Input data:
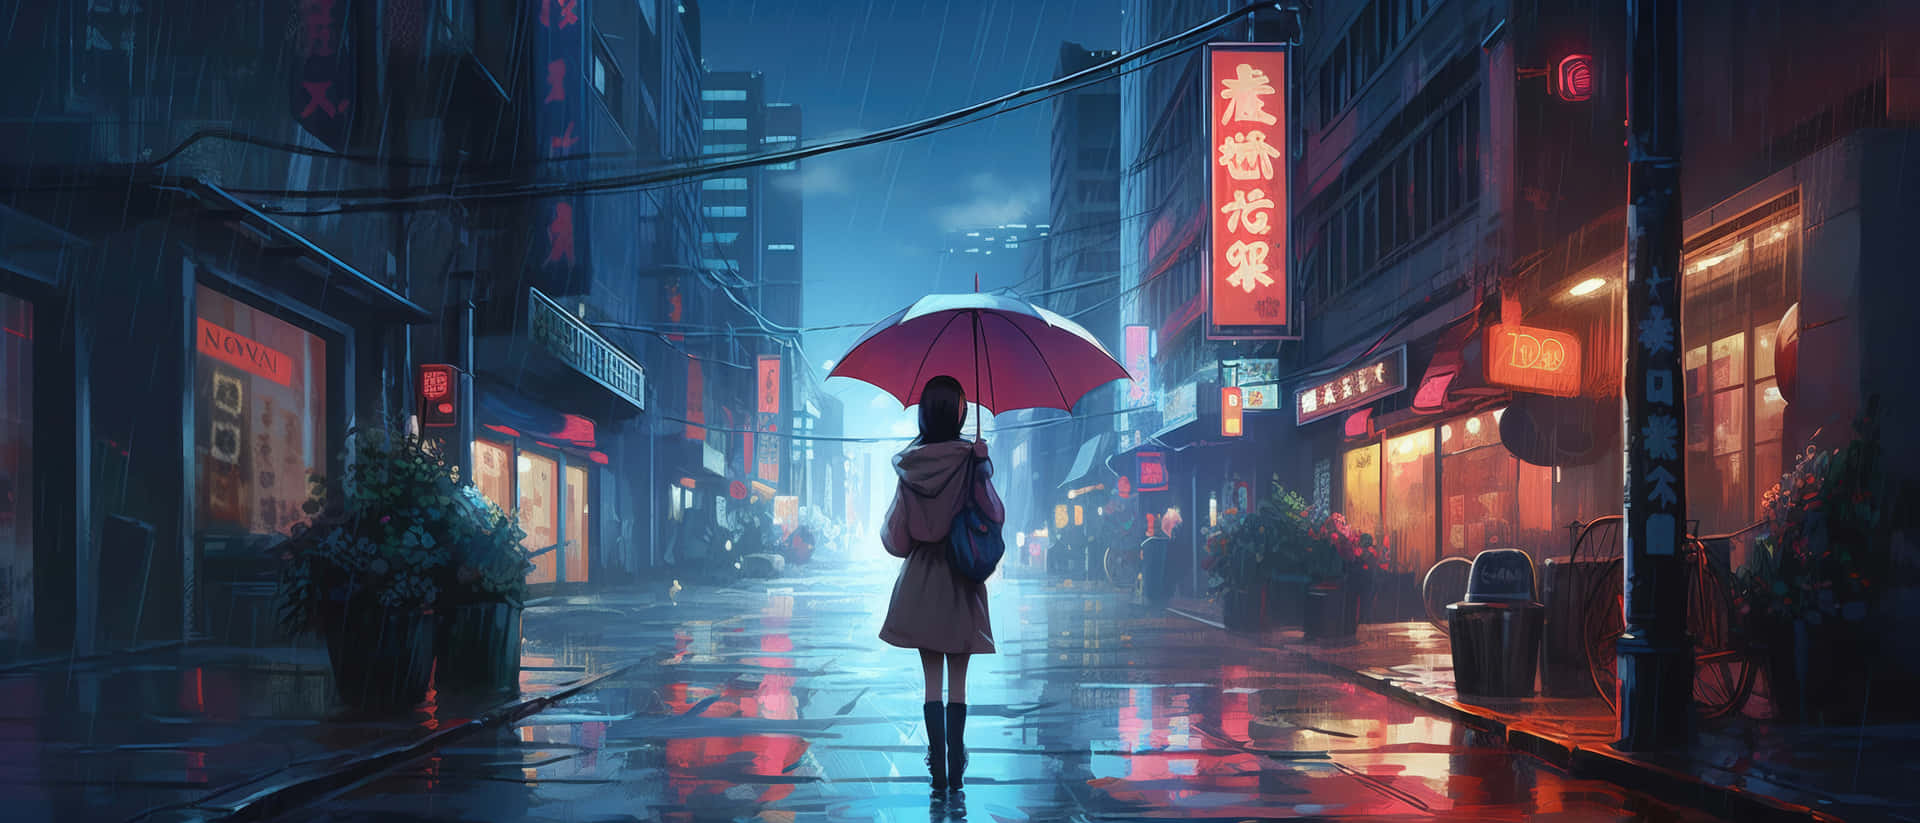 Rainy Night Cityscapewith Umbrella
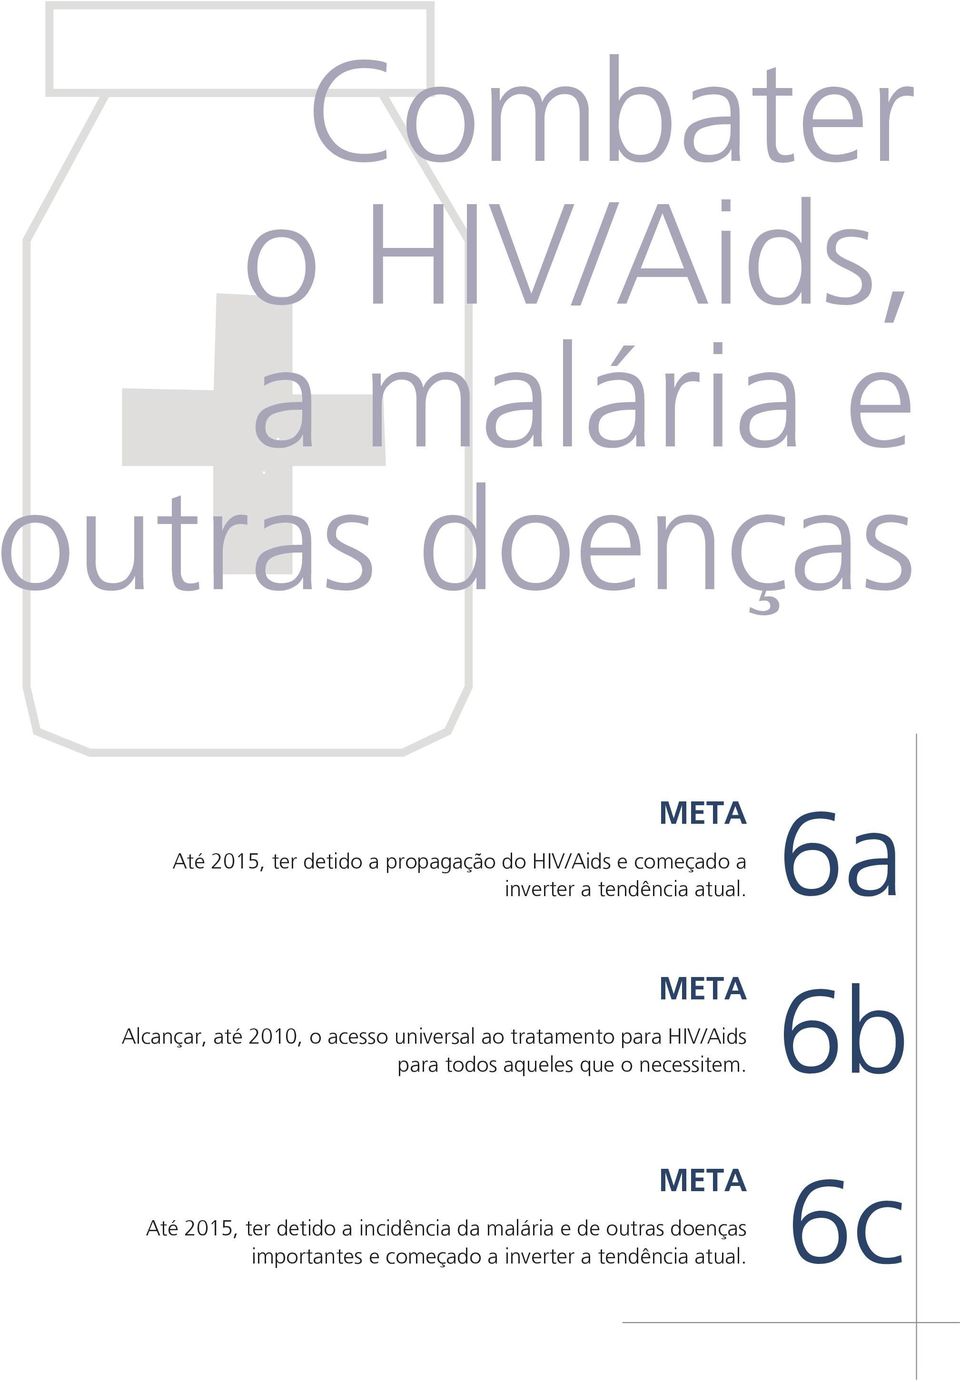 6a META Alcançar, até, o acesso universal ao tratamento para HIV/Aids para todos aqueles que
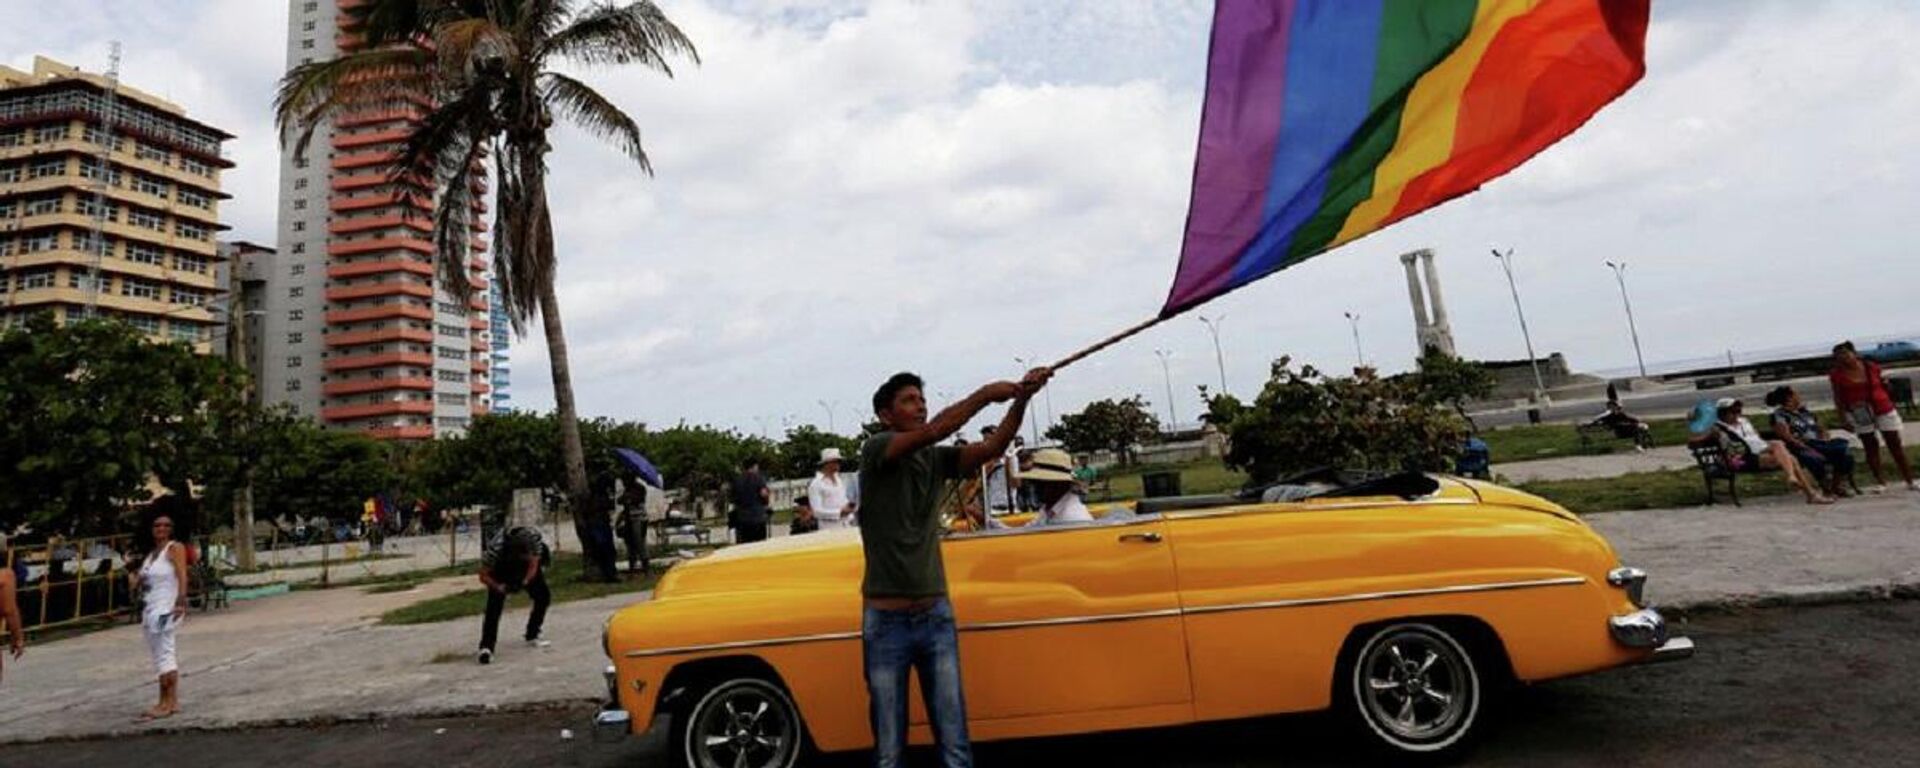 Küba - LGBT - Sputnik Türkiye, 1920, 14.02.2022

Exercise instructions: The material above is to be output exactly, with each picture left out.

Answer section:
 Rainy Night Cityscapewith Umbrella
 6a META Alcançar, até, o acesso universal ao tratamento para HIV/Aids para todos aqueles que
 Küba - LGBT - Sputnik Türkiye, 1920, 14.02.2022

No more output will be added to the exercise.